TRY IT: Send back the records exactly as written, with no images.

Start of DATASET CONTENT

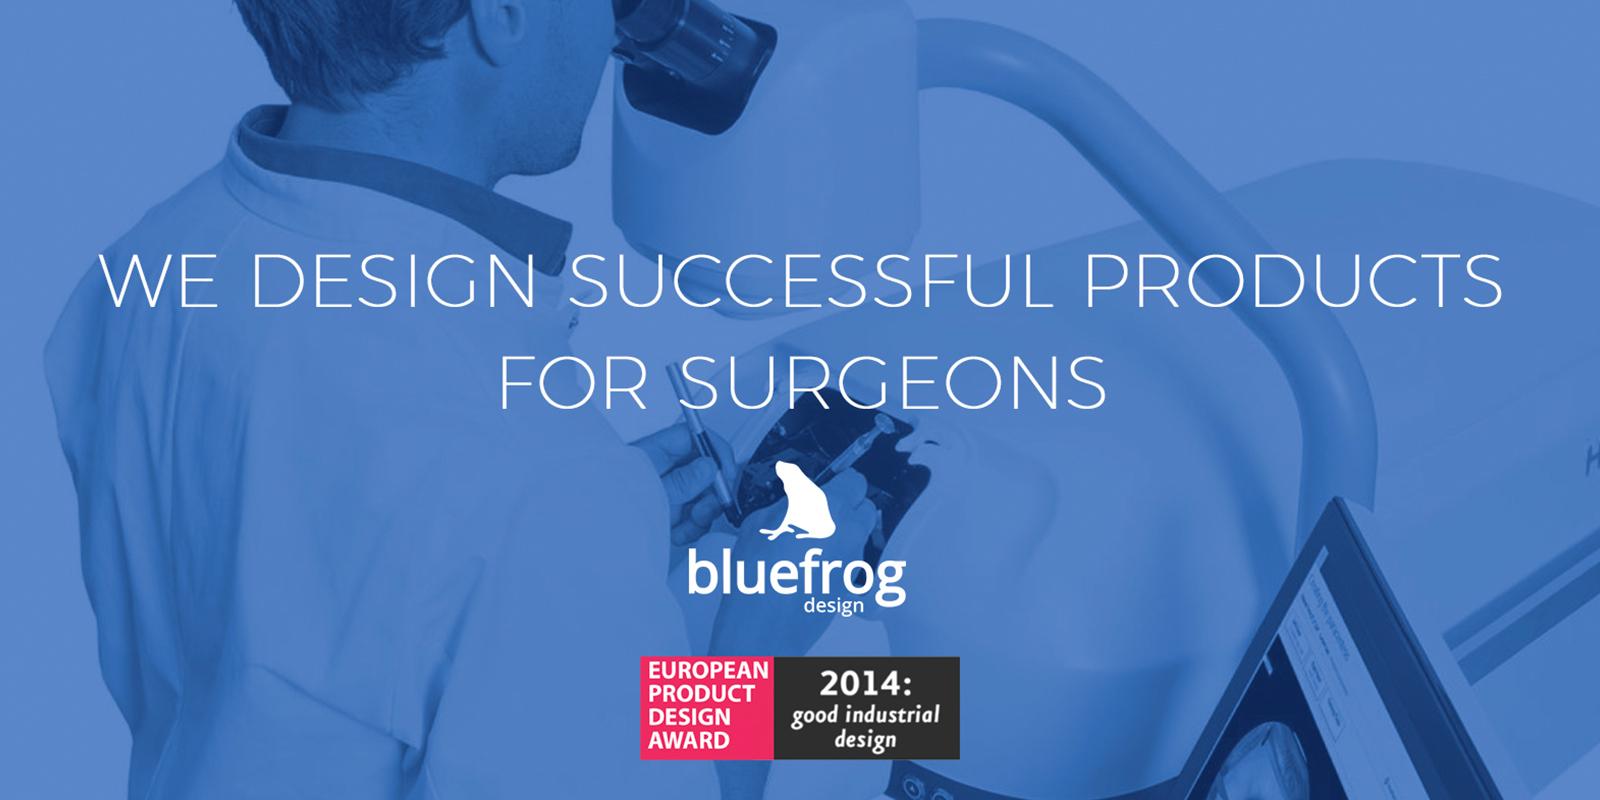 blue_frog_surgeons.jpg
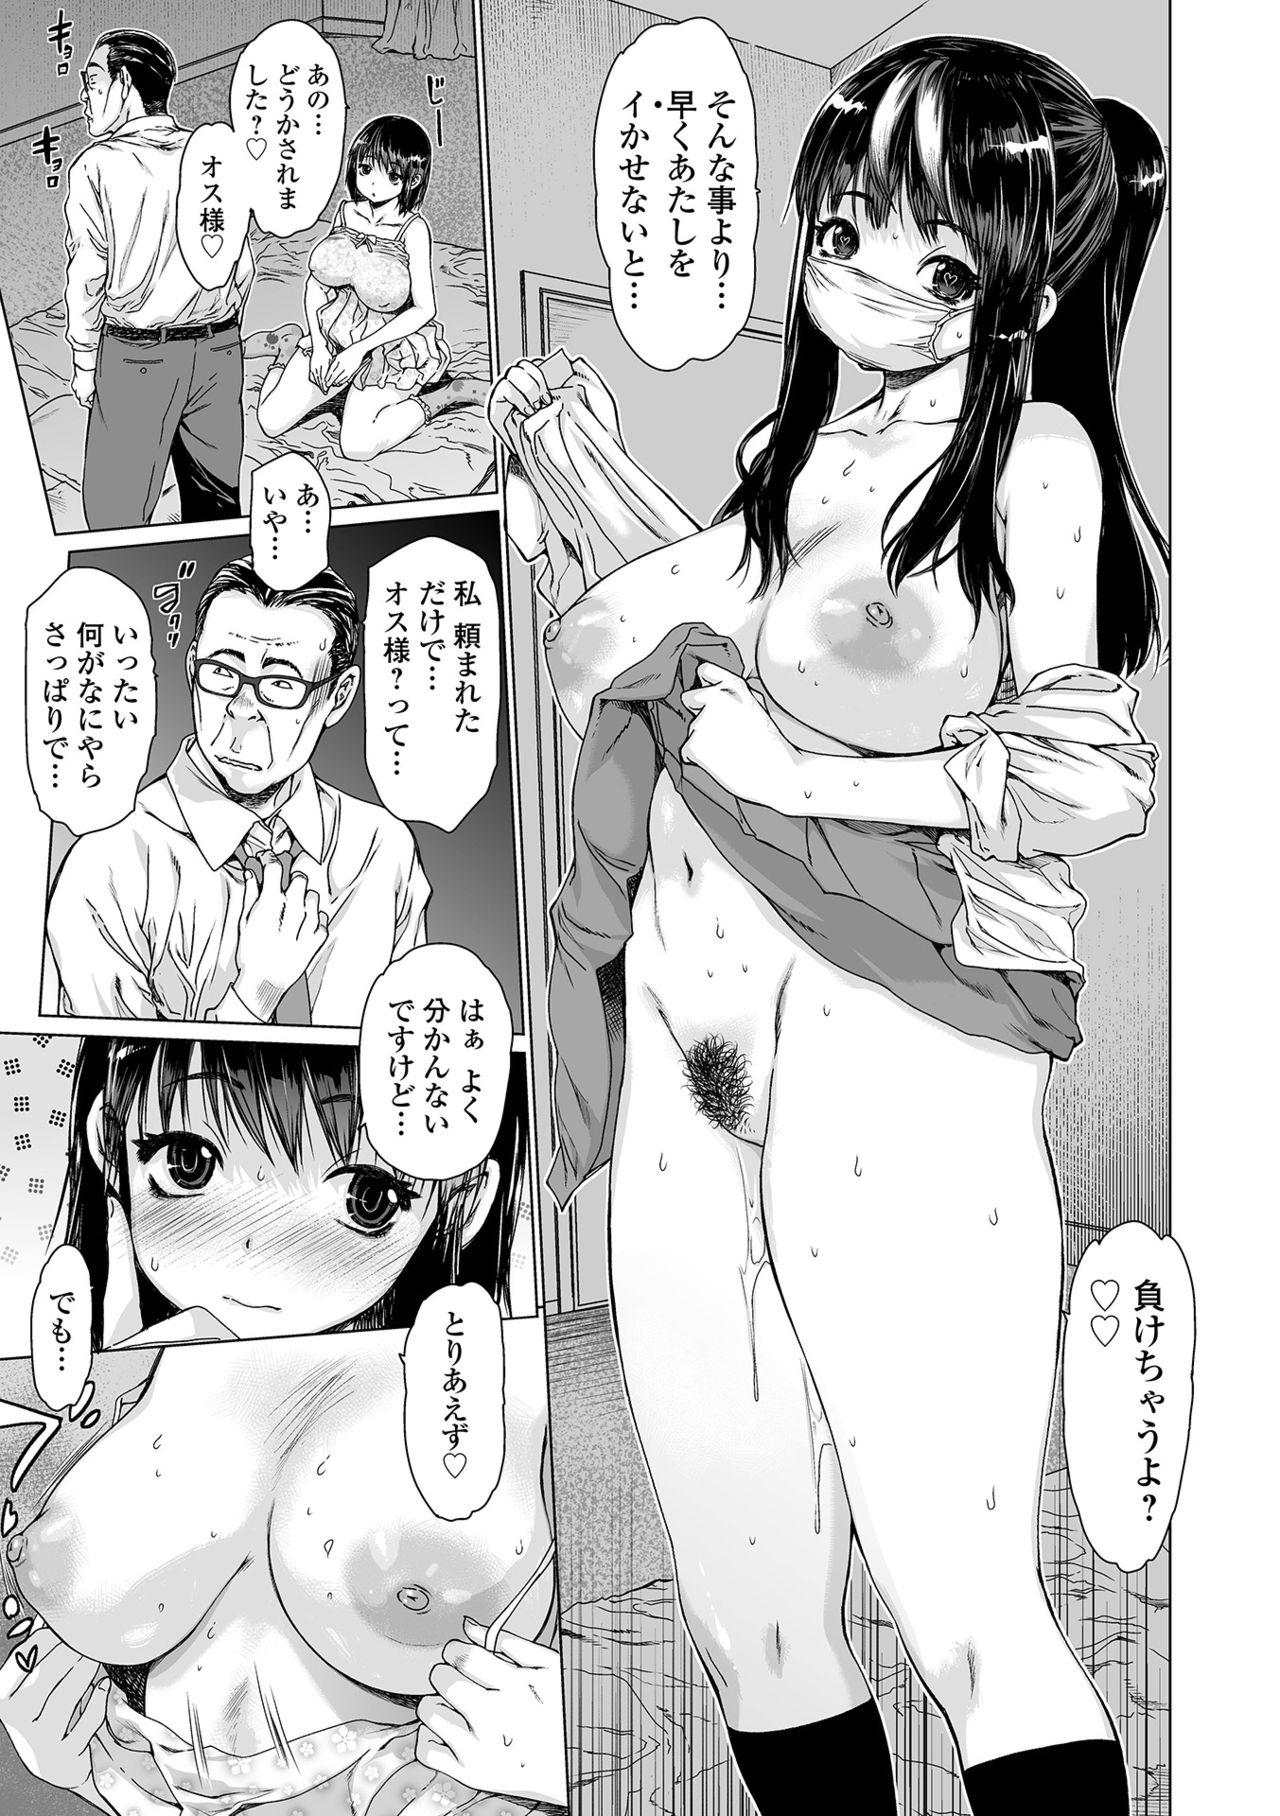 COMIC Shigekiteki SQUIRT!! Vol. 25 88
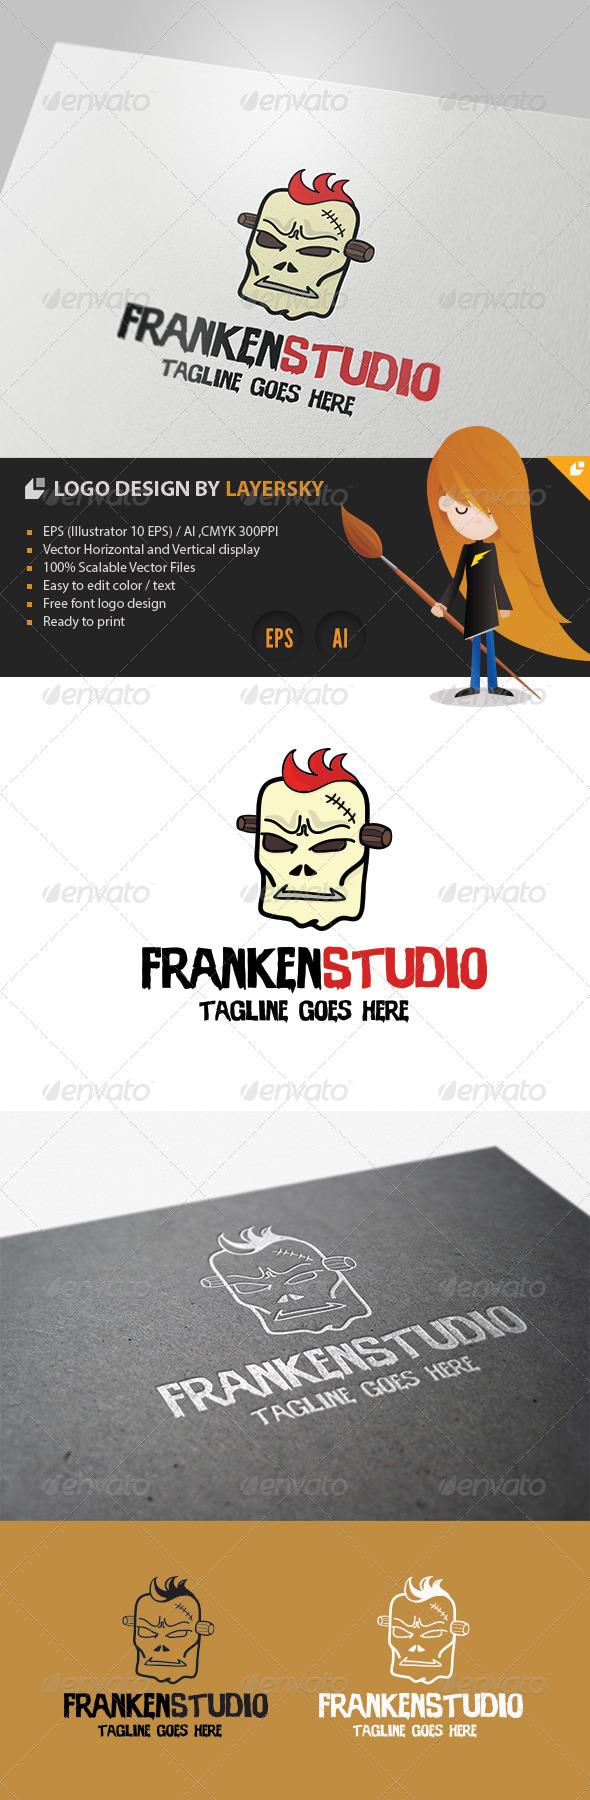 GraphicRiver Franken Studio Logo 4339629
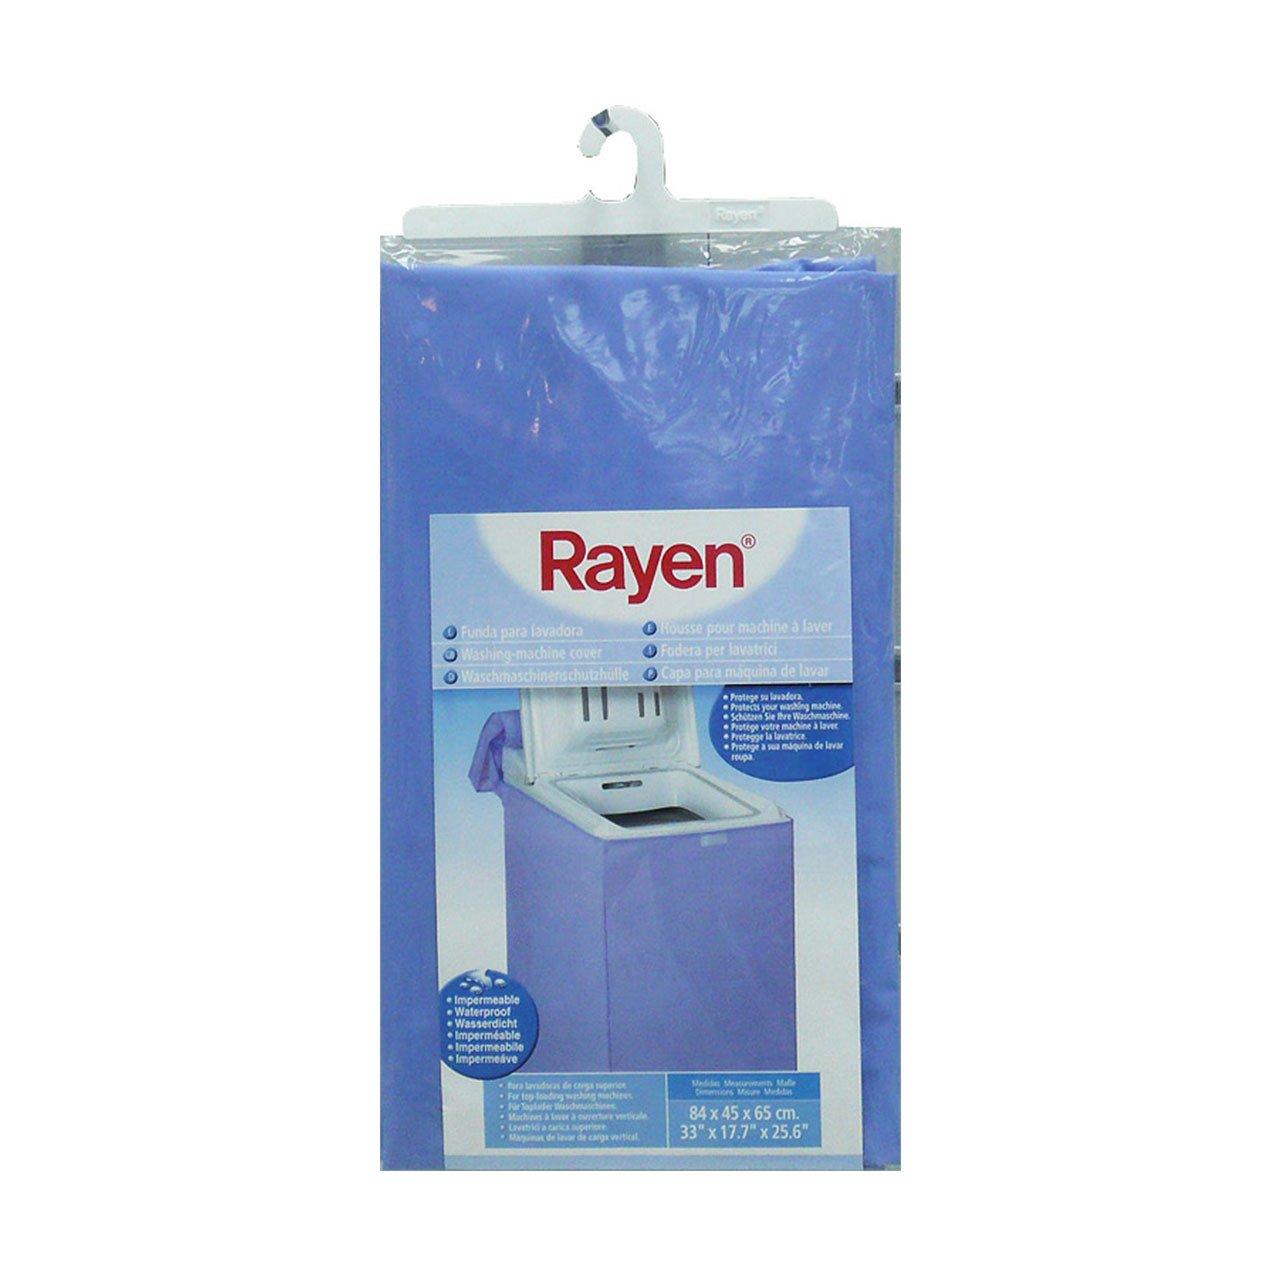 Rayen 2397 - Funda para lavadora, 84 x 45 x 65 cm, color lila: Amazon.es: Hogar
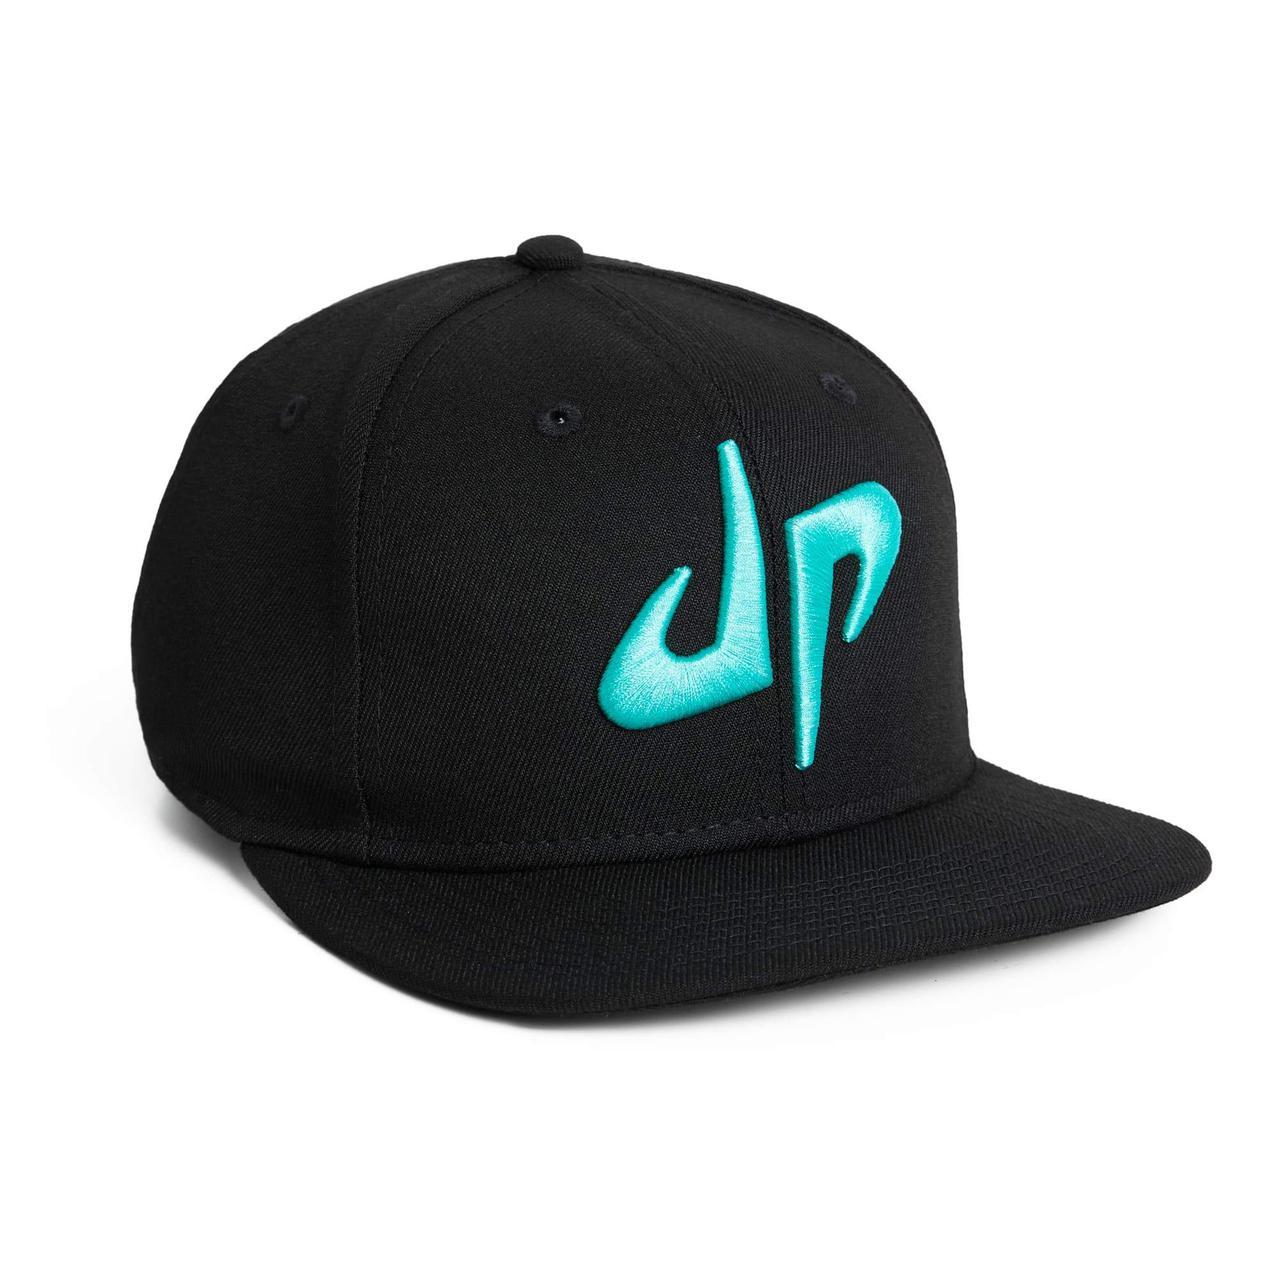 Dude Perfect DP x New Era 9Fifty Snapback    Black + Green 74517b4ce02

End of DATASET CONTENT

RESULT:
 blue_frog_surgeons.jpg
 COMIC Shigekiteki SQUIRT!! Vol. 25 88
 GraphicRiver Franken Studio Logo 4339629
 Rayen 2397 - Funda para lavadora, 84 x 45 x 65 cm, color lila: Amazon.es: Hogar
 Dude Perfect DP x New Era 9Fifty Snapback    Black + Green 74517b4ce02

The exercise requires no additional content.